Most customers respond the same way: they’ll send you a photo, raise a support ticket, maybe even take it to social media.  

But some go even further and file for chargebacks. That’s where things get ugly. Because if you get too many of those disputes, your store might be in danger of shutting down. If you want an example of businesses dealing with chargebacks that aren’t their fault, just look up the impacts of Amazon’s Buy for Me program.

And when your store is impacted by the shipping damage, turning to your carrier won’t help much.
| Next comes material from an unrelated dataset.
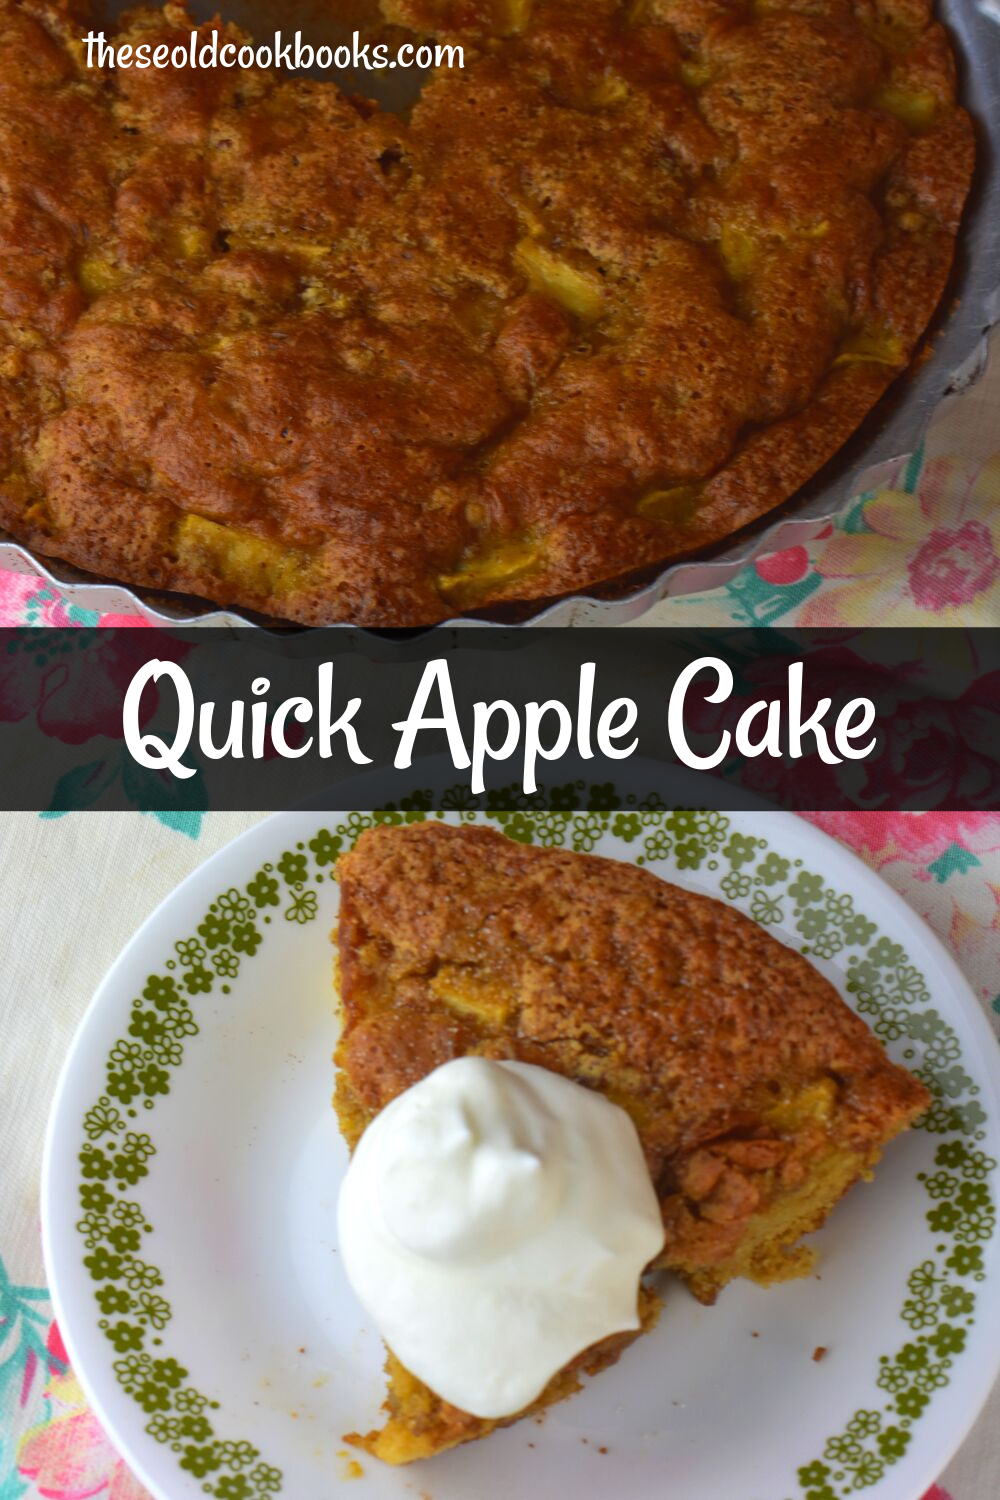 This easy apple cake is unique because it's baked in a pie plate. It's a thin cake that bakes quickly. The batter is thick and sticky, and absolutely tempting to eat on your finger!

Carrier insurance isn’t the answer

UPS, FedEx, and USPS have additional coverage options that merchants can go for. This might sound great initially, but their limitations and claims processes prove otherwise.

Carrier Limitations
UPS Heavy product restrictions (precious metals, cash equivalents, some electronics), service & destination limits, premium pricing
FedEx Commodity exclusions, destination restrictions, deductibles, high packaging compliance standards
USPS Vague service eligibility, strict filing time windows, in-person inspection often, long processes
Canada Post Maximum insurable values, lots of prohibited/restricted items, strict packaging compliance, delayed investigation

One merchant detailed their stressful experience with UPS,

“I shipped a 1500.00 card and did everything right. Paid the extra insurance, signature delivery, pictures, kept ledgers and receipts all of it. For 3 days they attempted to deliver and the person wasn’t home. I filed a lost claim package and gave the item, the invoice showing the paid amount, pictures of the item, everything. I just received a claim denial and the package just shows sitting there. I’m at a loss. UPS gets to keep my 1500.00 package and I’m out? What?”
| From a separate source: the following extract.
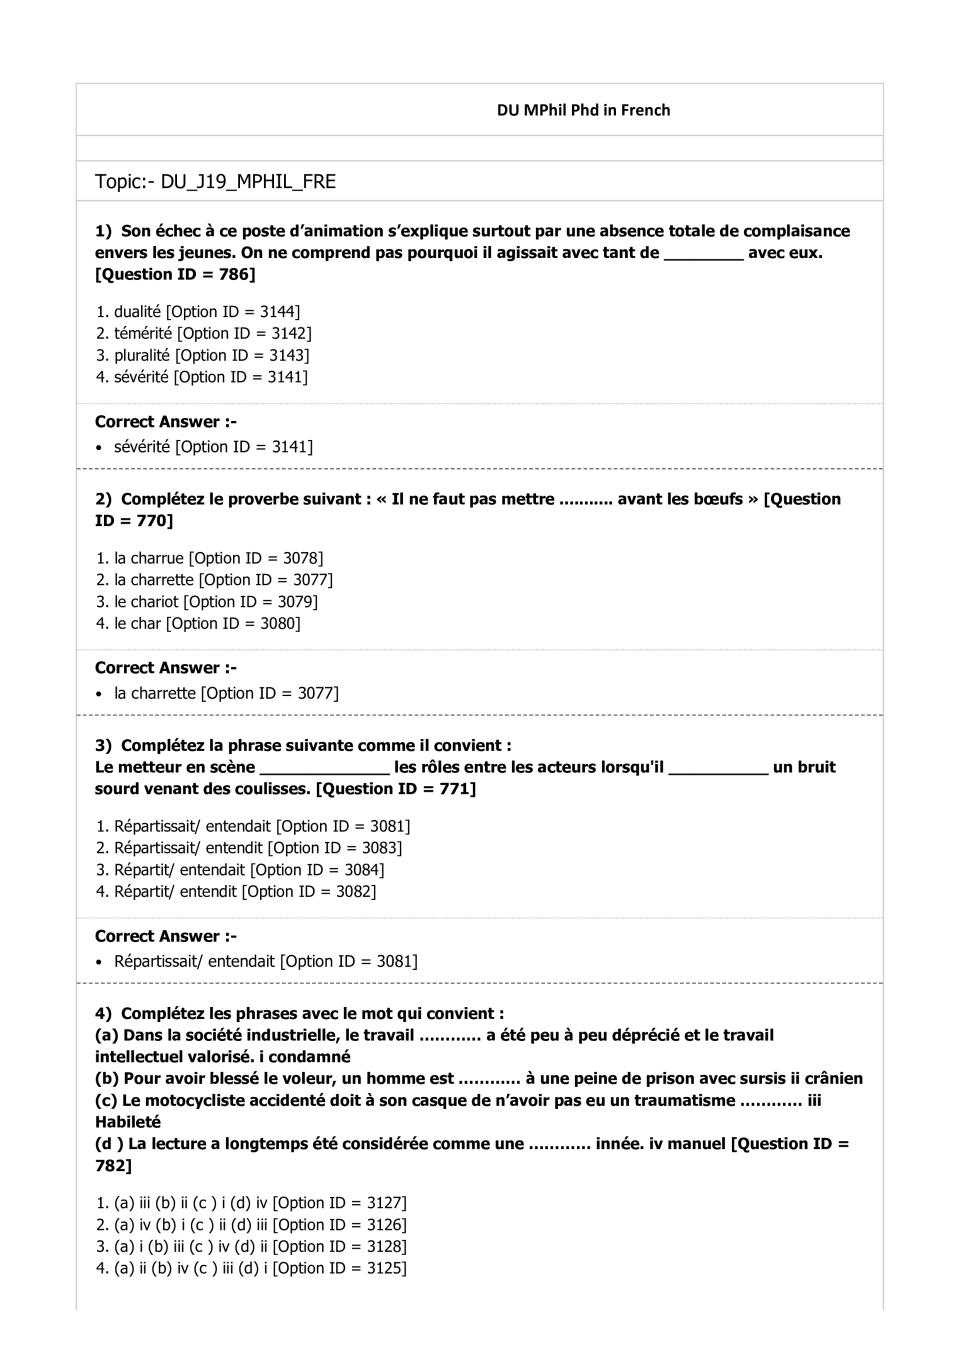 DUET Question Paper 2019 for M.Phil Ph.D French - Page 1

How shipping protection helps  

Shipping protection keeps you from paying for logistics twice, while also helping you preserve customer relationships.  

It ensures that:

  • Claims are resolved quickly, within a few days. You don’t have to wait weeks for a carrier to investigate a lost or damaged shipment.
  • The process is simple. You provide the necessary documentation, submit the claim, and get a resolution. No endless proof-of-loss marathons.
  • Customers confidence increases because they know their order is covered.

Shipping insurance vs carrier insurance

Category Shipping insurance Carrier insurance (UPS, FedEx, USPS, Canada Post)
Who it protects Both you and your customers Primarily the carrier
Coverage scope Loss, damage, theft, porch piracy, missed deliveries Loss or damage only (theft and porch piracy often excluded or disputed)
Claims approval rate High approval rates when documentation is complete High denial rates due to strict carrier liability rules
Claims process control Merchant or customer files directly with insurance provider Carrier controls investigation and approval
Claims payout speed Typically 2–10 days depending on provider Often 2–8 weeks or longer
Customer experience impact Merchant can quickly refund or reship Customer waits while the carrier investigates
Coverage for porch piracy Usually covered Rarely covered or heavily contested
Coverage for “delivered but not received” Typically covered Often denied if marked “delivered”
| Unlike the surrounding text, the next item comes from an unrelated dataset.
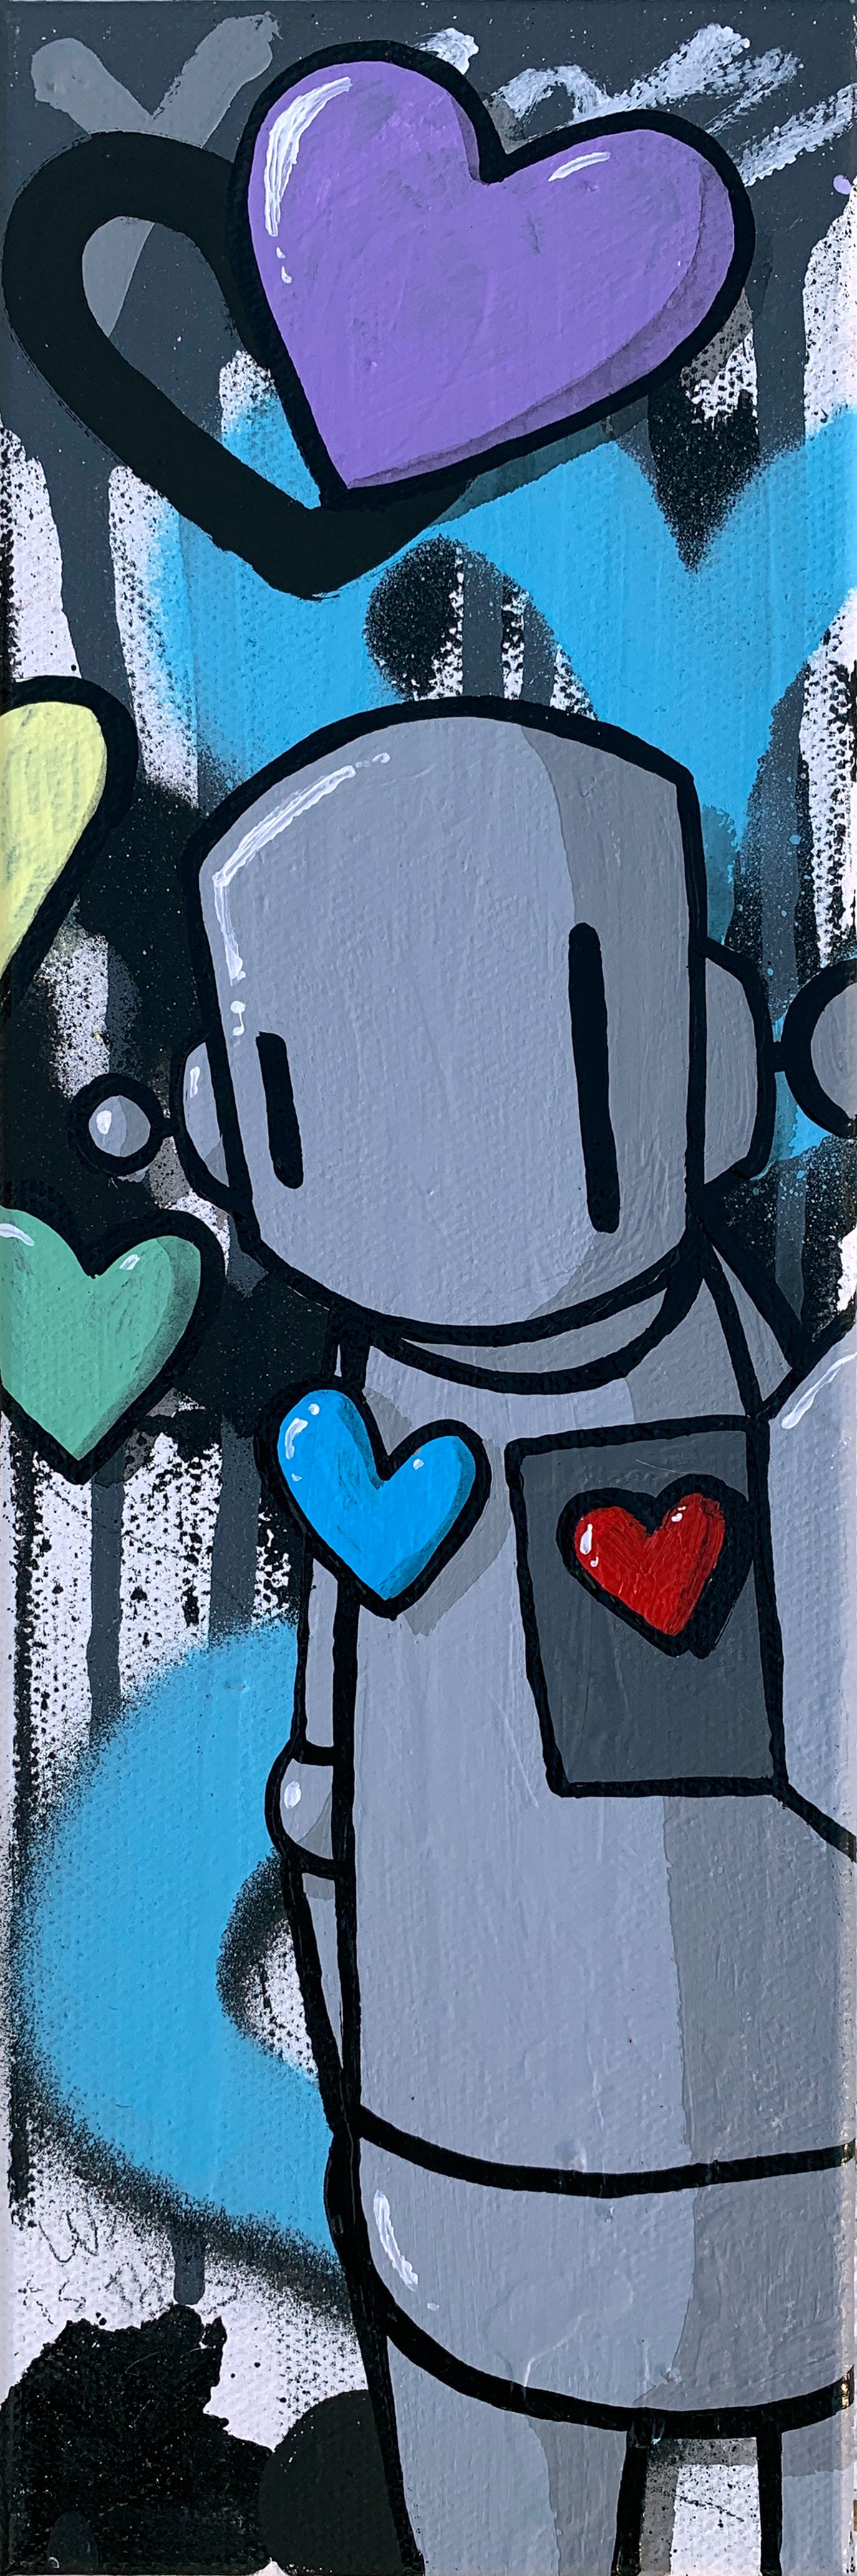 A close-up mixed media painting of a robot and hearts on canvas, 4x12.

Trusted shipping protection partners like SureBright ensure that you won’t lose margins or your customers.

The cost of doing nothing stings more

Every order you ship without protection is a small bet: that this one will arrive intact, to someone who's home, via a carrier having a good day. Most of those bets pay off. The ones that don't cost significantly more than any protection premium would have.

Merchants spend years optimizing ad spend, checkout conversion, and fulfillment speed. Shipping protection makes sure the customer experience you've worked to build actually survives the moment the package leaves your building.

You spent months building a product worth buying. Don't let a carrier's bad day be the last thing your customer remembers about you.